1/26/2006

Building relationships with journalists

Yesterday I was on a panel with Larry Bommer, who reviews theater for Chicago Tribune, PerformInk, Free Press and other area papers and Karin McKie, a publicist in the performance world. The Athenaeum Theater's Arts Management Project sponsored the event, which was on 'building relationships with the media.'

What I know about Chicago theater is basically nil; fortunately Karin seemed to know just about every company and every reporter who covers the biz, and Larry described how he has been on both sides of the news--as reviewer and also having plays he wrote reviewed (The Reader, where he works, panned one of his pieces).

My biggest surprise of the evening was how many folks were unfamiliar with the idea that they have to begin their relationships with journalists by pitching them, the way you would pitch a book idea to a publisher or an ad idea. Of course, this is how much of the news gets made--someone calling up a reporter and asking, "Do you have a minute for me to pitch you a story?"

In fact, we always preach "Call, Fax [or Email], Call." In other words, figure out which reporter or reporters might be interested in your story, then call that reporter to pitch the story and only then--if the reporter is interested-- do you send the news release.
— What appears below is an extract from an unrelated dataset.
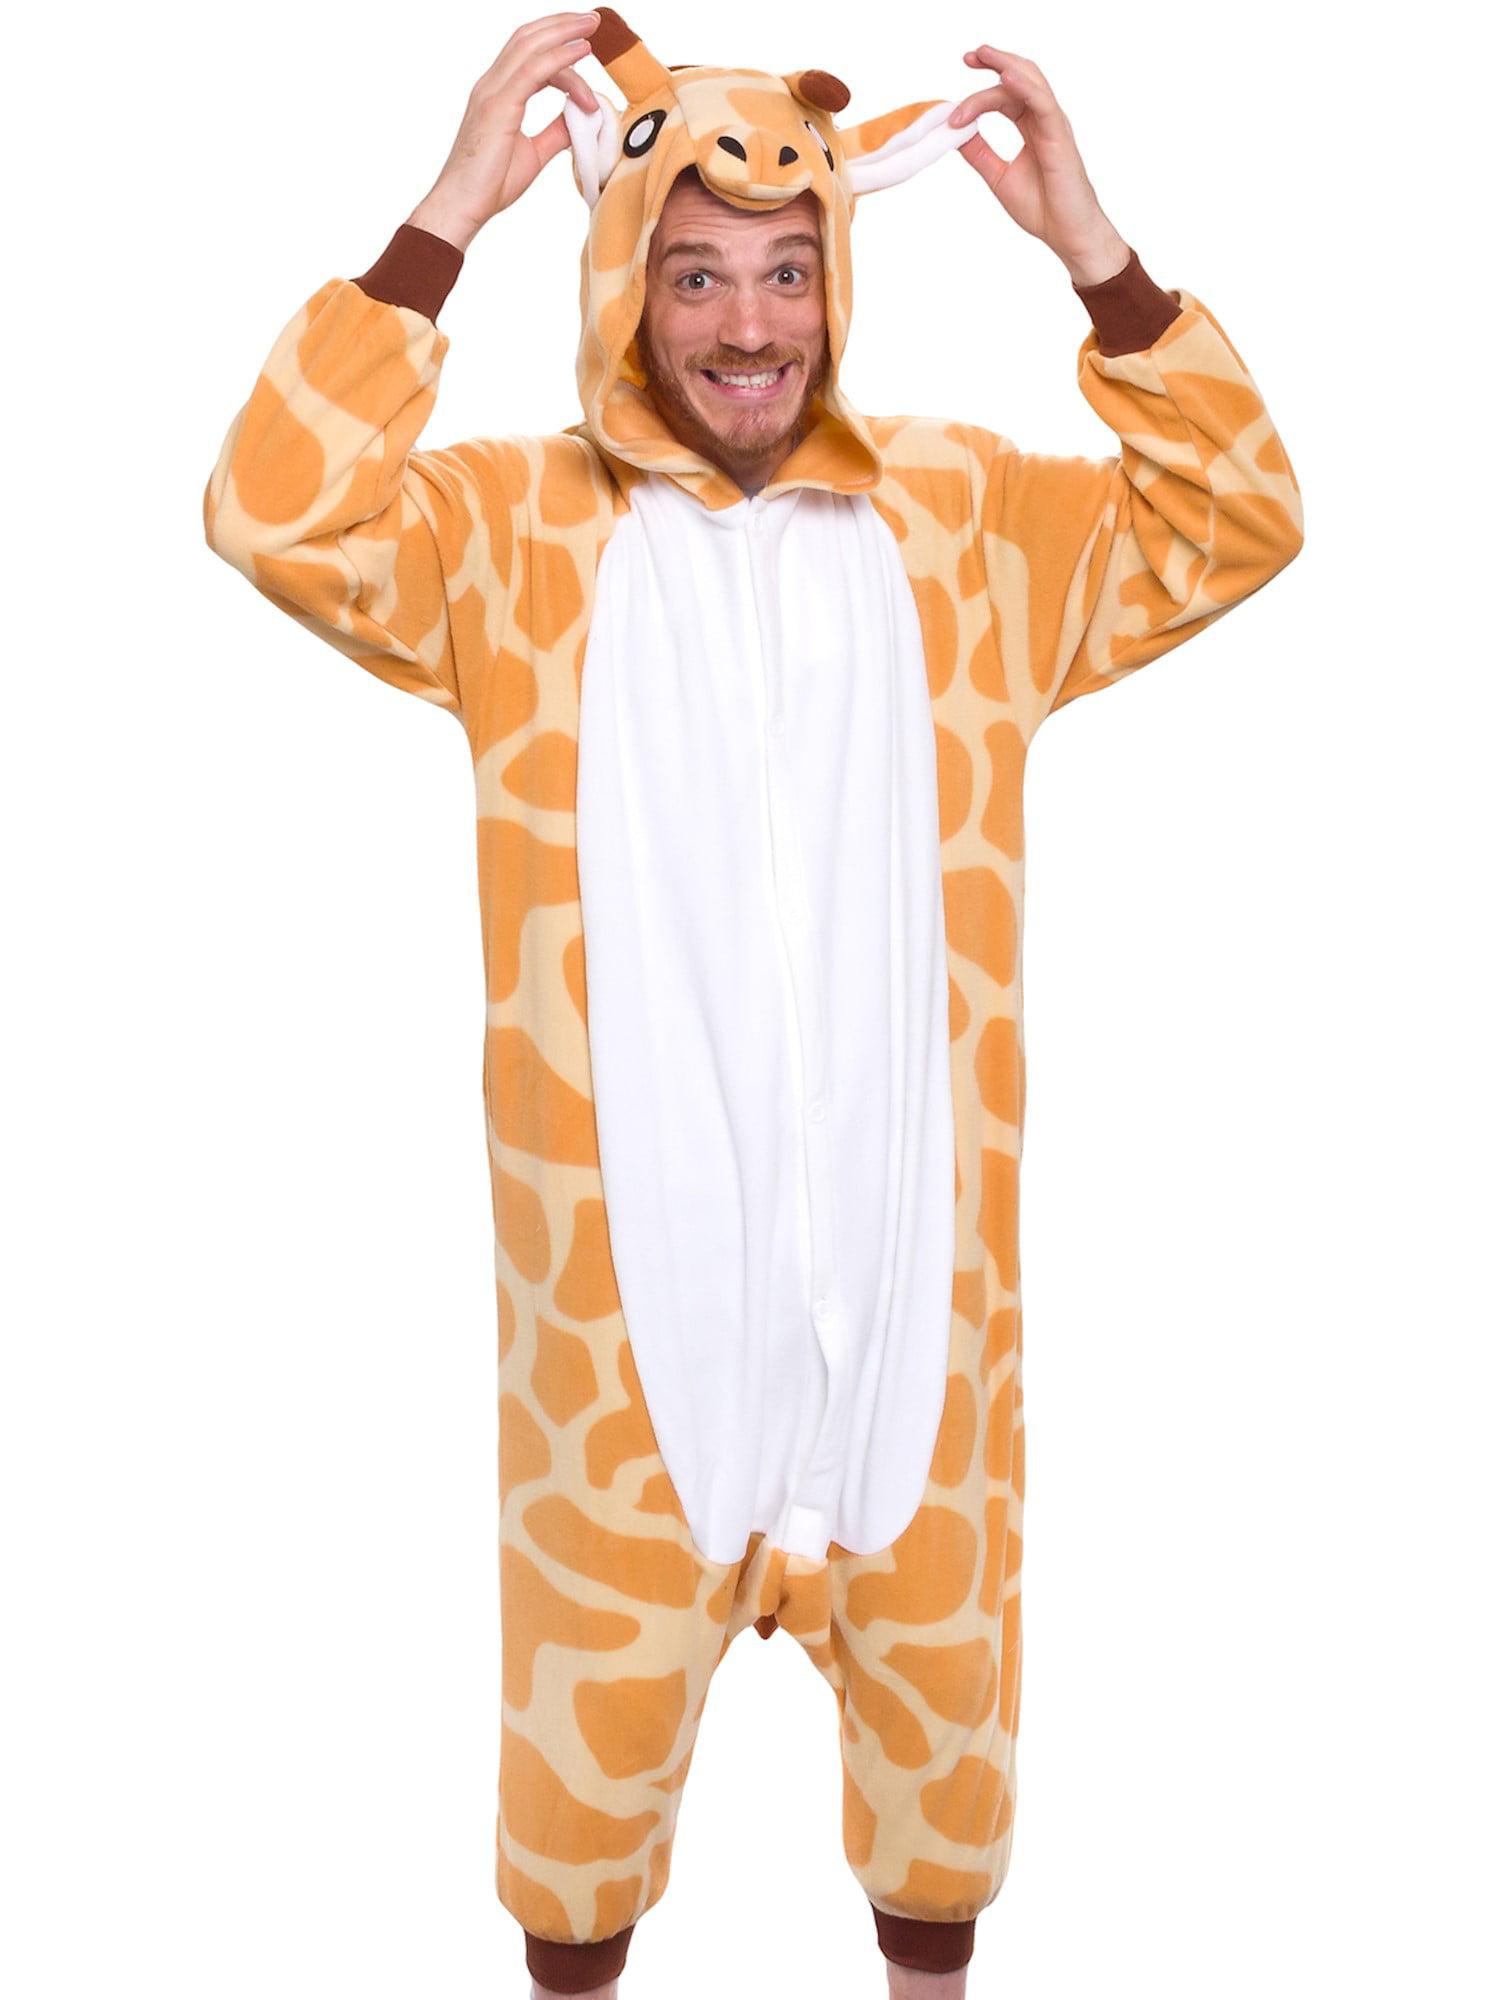 SILVER LILLY Unisex Adult Plush Animal Cosplay Costume Pajamas (Giraffe) -  Walmart.com a8f6f0cf750d

Since so much random wordage comes in to newsrooms, the advantage to pitching ahead of time is to make your press release a wanted press release, which helps to move it above the rest of the dreck coming to reporters.

I used to say in trainings that 60 percent of the news came from pitches, but that's not based on any very scientific information--I wonder if anyone has any idea how much news comes from pitches?

The real point to being thoughtful about pitching is in support of the Workshop's other sermon: the reason to communicate with a journalist in the first place is never just about seeing your name in the paper, but about getting out the story you want told.

That's why we urge folks not just to pitch, but to be thoughtful about what goes into that pitch before picking up the phone (also important so as not to annoy the reporters on the other end!). How do you write a good pitch? We urge folks to play the 'headline game.'

The headline game is, if you were writing the headline on the story you want to see in tomorrow's newspaper, or as a teaser before tonight's TV news, what would it say? Nine times out of ten, that's pretty close to what you ought to say when you speak with a reporter.

We discussed what to say in terms of how to write it down and package it into a press release. To be clear, the connection between the pitch and the press release is this: write a strong release and the pitch will be easy.

So how do you write a good press release? Larry Bommer had the quote of the evening on this (he is a playwright, after all): "If you're blowing your own horn you're going to hit wrong notes."

Theater, he said, is about creating "subversive alternative universes" not reflecting their own image back at smug bourgeois audiences -- and a good press release must capture the energy of your play, dance, or other performance work and just straightforwardly present what makes it stand out.